The oscar winning film, No Country for Old Men, and our current policies towards our border show ignorance of the thought world present in Border Incident. In No Country for Old Men criminals have no fear of appearing in daylight. They have infiltrated our common experience. That is why children riding bikes and old men can not live safely with the comfort and protection the rule of law provides. There are no "undocumented" in Border Incident. The undermining of the distinction between legal and illegal had not yet taken place. Those who would undermine such distinctions fail to realize, as the bad guys both these films portray so well, that the opposite of law is dark, dangerous and scary. Being clear about the value of law, like a good fence, is required for us to be good neighbors. Border Incident provides one of the clearest representations of these vital culturist truths.

Thursday, January 31, 2008

Culturist Movie Review - No Country for Old Men

The movie No Country for Old Men was fantastic. It raised important philosophical issues and refused the easy happy ending. The movie follows people in pursuit of a sociopathic hit man and features a lot of random violence. But the violence is not gratuitous as it is the point of the film; extremely brutal actions are an increasingly common part of our culture. This must alter our sense of this world; we should expect to increasingly see life as more arbitrary, violent and out of our control.

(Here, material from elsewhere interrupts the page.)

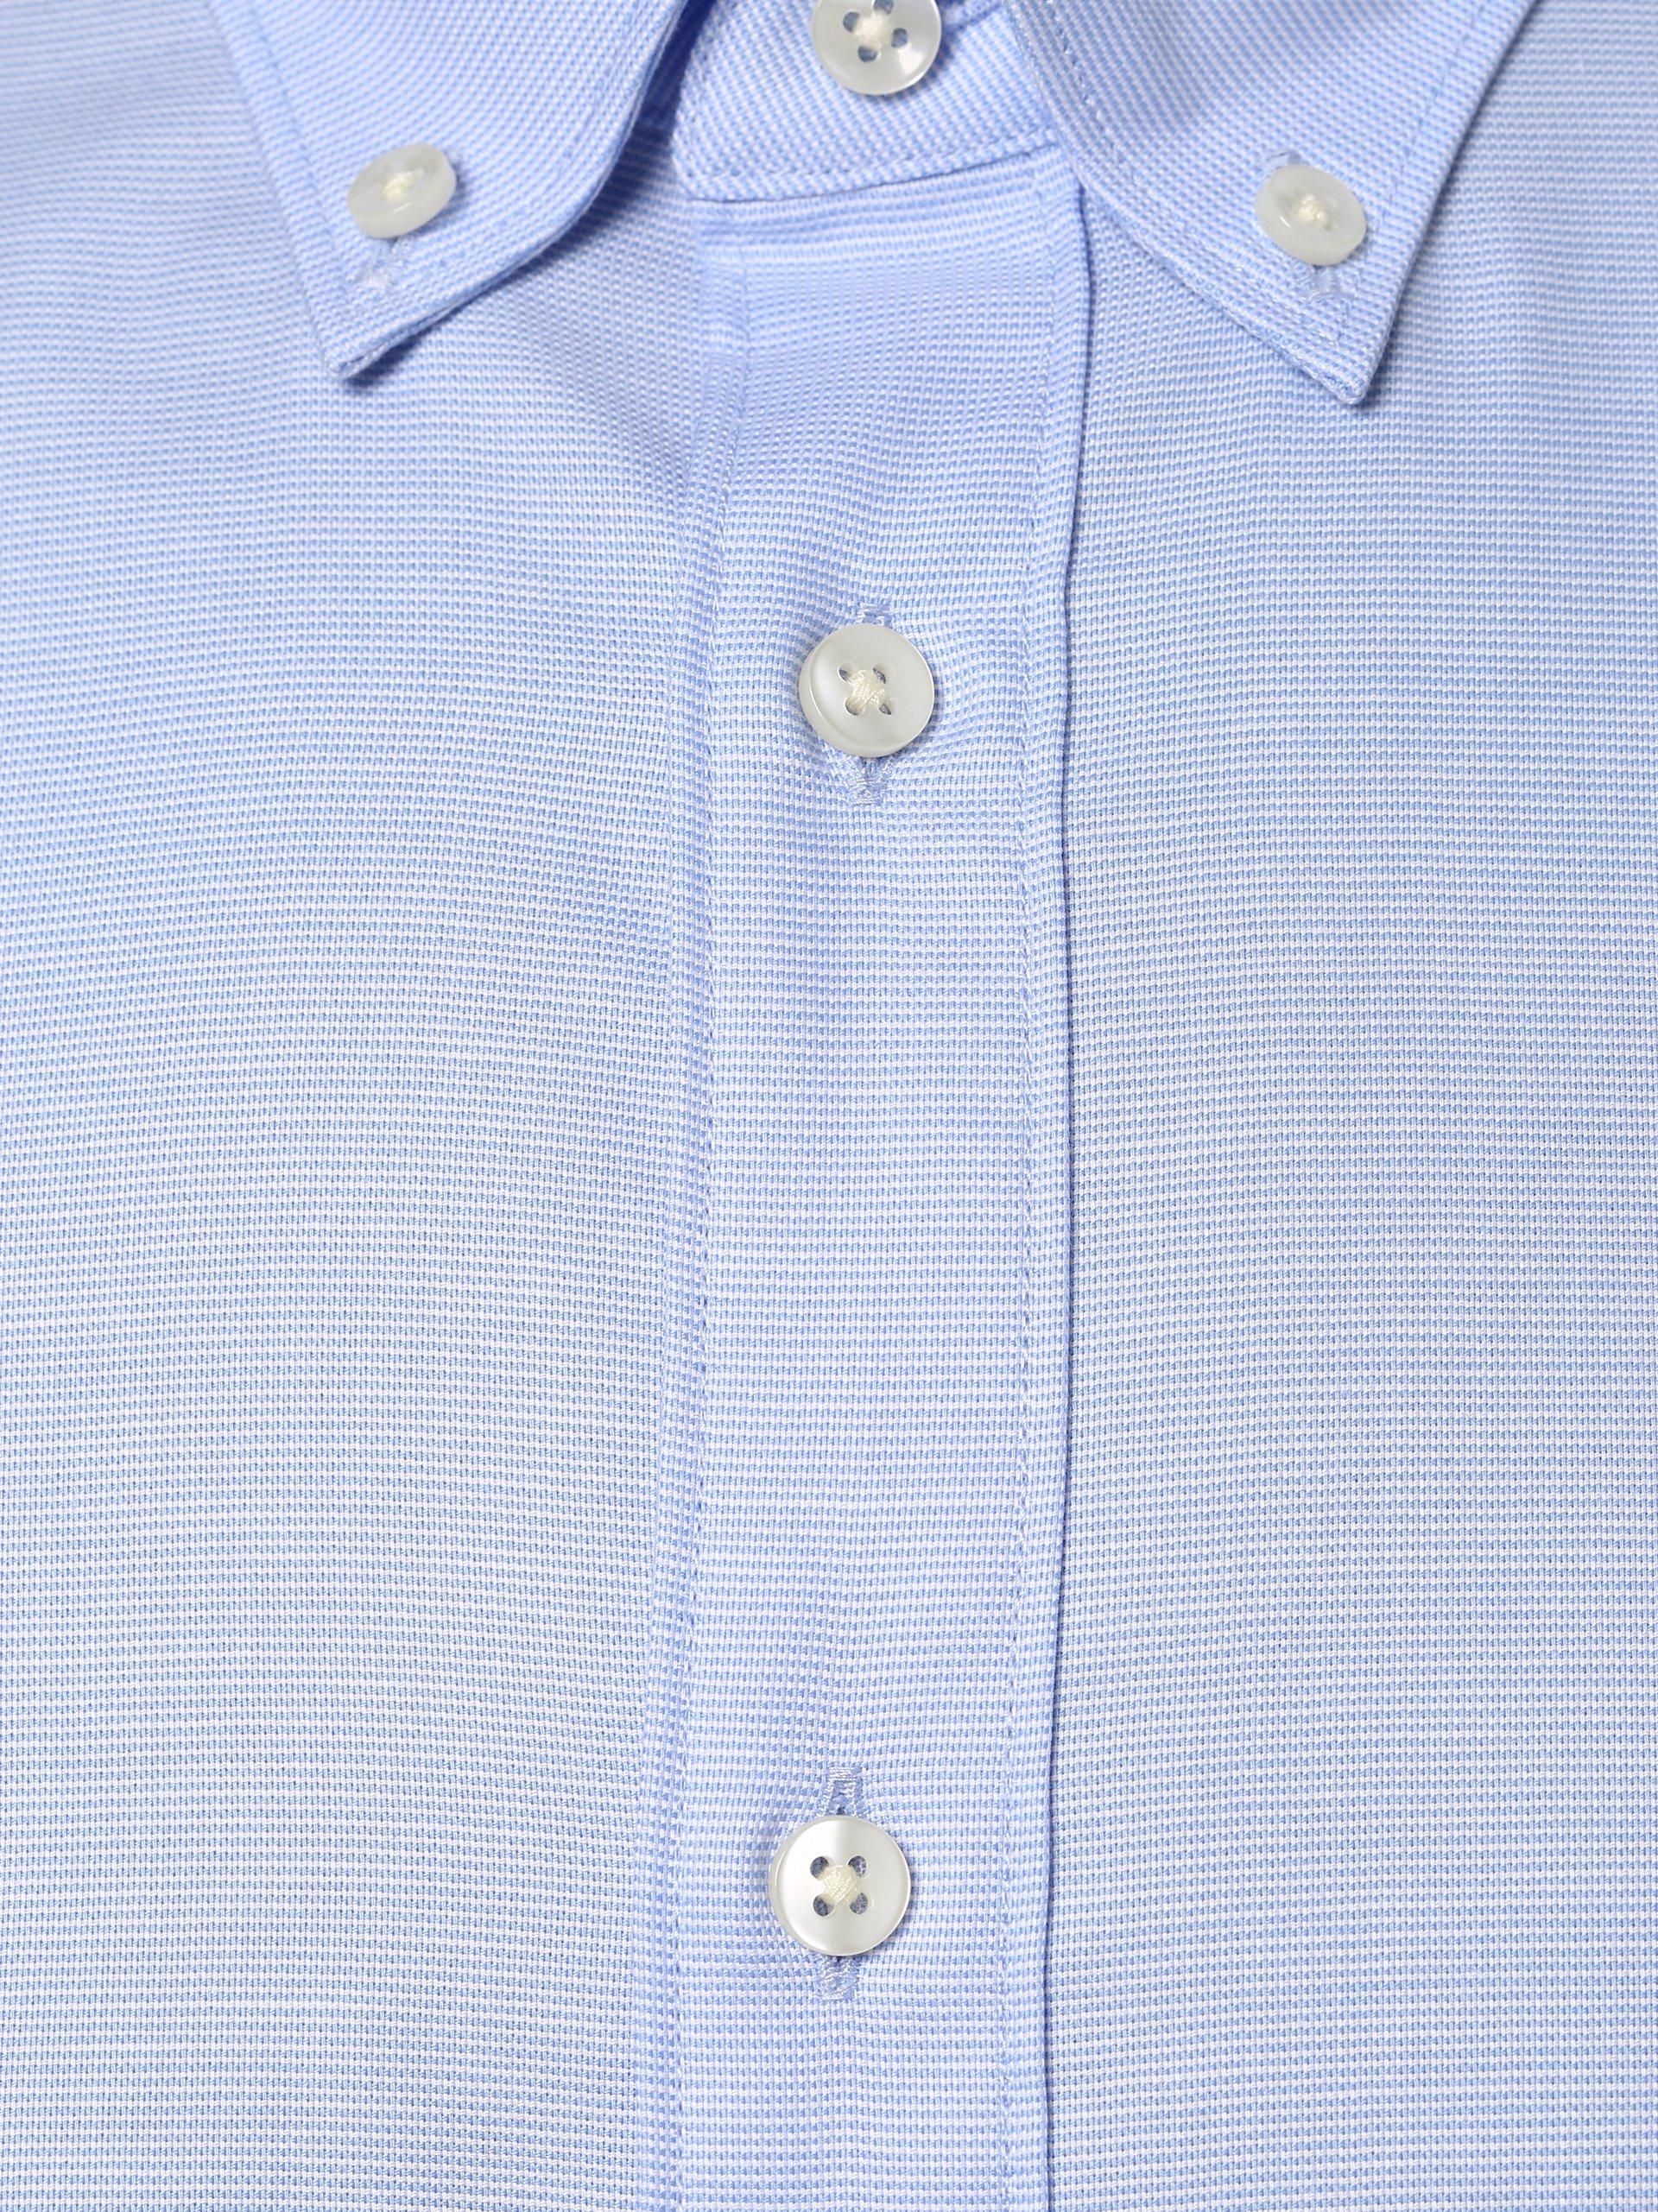 Tommy Hilfiger Tailored Koszula męska łatwa w prasowaniu

Through the ruminations of the sherif who chases the sociopath, played by Tommy Lee Jones, we are repeatedly told that the crimes now are of a different nature than those which previously plagued us. One scene contradicts this theme. It tells of ruthless violence from a much earlier epoch. As a culturist, one concerned with our culture, this is not a small discrepancy; it tells us to give up and be resigned to the violence engulfing us.

From a wide historical perspective, America has consistently diminished violence. The Native Americans were extremely violent. The Puritan's wars with them were equally brutal. Any conflict from that age would make the few random acts of violence in this film seem tame. But with the advance of civilization, this violence diminished. Within living memory, we had nearly taken violence out of our society; it was nearly relegated to fiction. But recently violence has not only deeply penetrated our film and music, lawlessness has become increasingly common in real life.

From the point of view of social commentary, the fascinating part of this film is its location. No Country for Old Men is a border film. We go in and out of Mexico several times. The violence and drugs gets traced up to American corporations, but they come across the border. Out continuing comparatively low levels of violence result from a slow process of instituting values and the creation of a state apparatus to crush violence. American history teaches that areas that are not civilized are violent. "Winning the West" was a civilizing process.

The location of this movie is not incidental. The wide open spaces remind us of the brutality of frontier life. All Americans should know that Mexico's crime is, for our taste, so brutal it can be easily descibed as savage. Corrupt police often partake in the sort of drug violence depicted in this movie. The idea that when criminals want to escape they run away to Mexico, the idea that people are less likely to be caught there, is not just fiction; that country has less law and order than ours. Every illegal immigrant is sign of lawlessness - they show our nation is out of control. Worse yet, drug runners who take advantage of our broken borders are importing a brutal way of life into our culture.

A good portion of our increase in violence is homegrown. As this movie's location subtley reminds us, we also have an infusion of violence coming across our border. This film aptly portrays the sense of helplessness and despair that accompanies a culture of violence. No Country for Old Men is, however, not just a metaphorical art piece. Our broken borders have resulted in large parts of the Southwest again becoming "the Wild West." The beauty of this film is its consistent focus on nostalgia and cultural decline. How the West was lost could have served as an apt alternate title. No Country for Old Men should wake us up to the fact that we are allowing our nation to go slip back to a time of lawless savagery.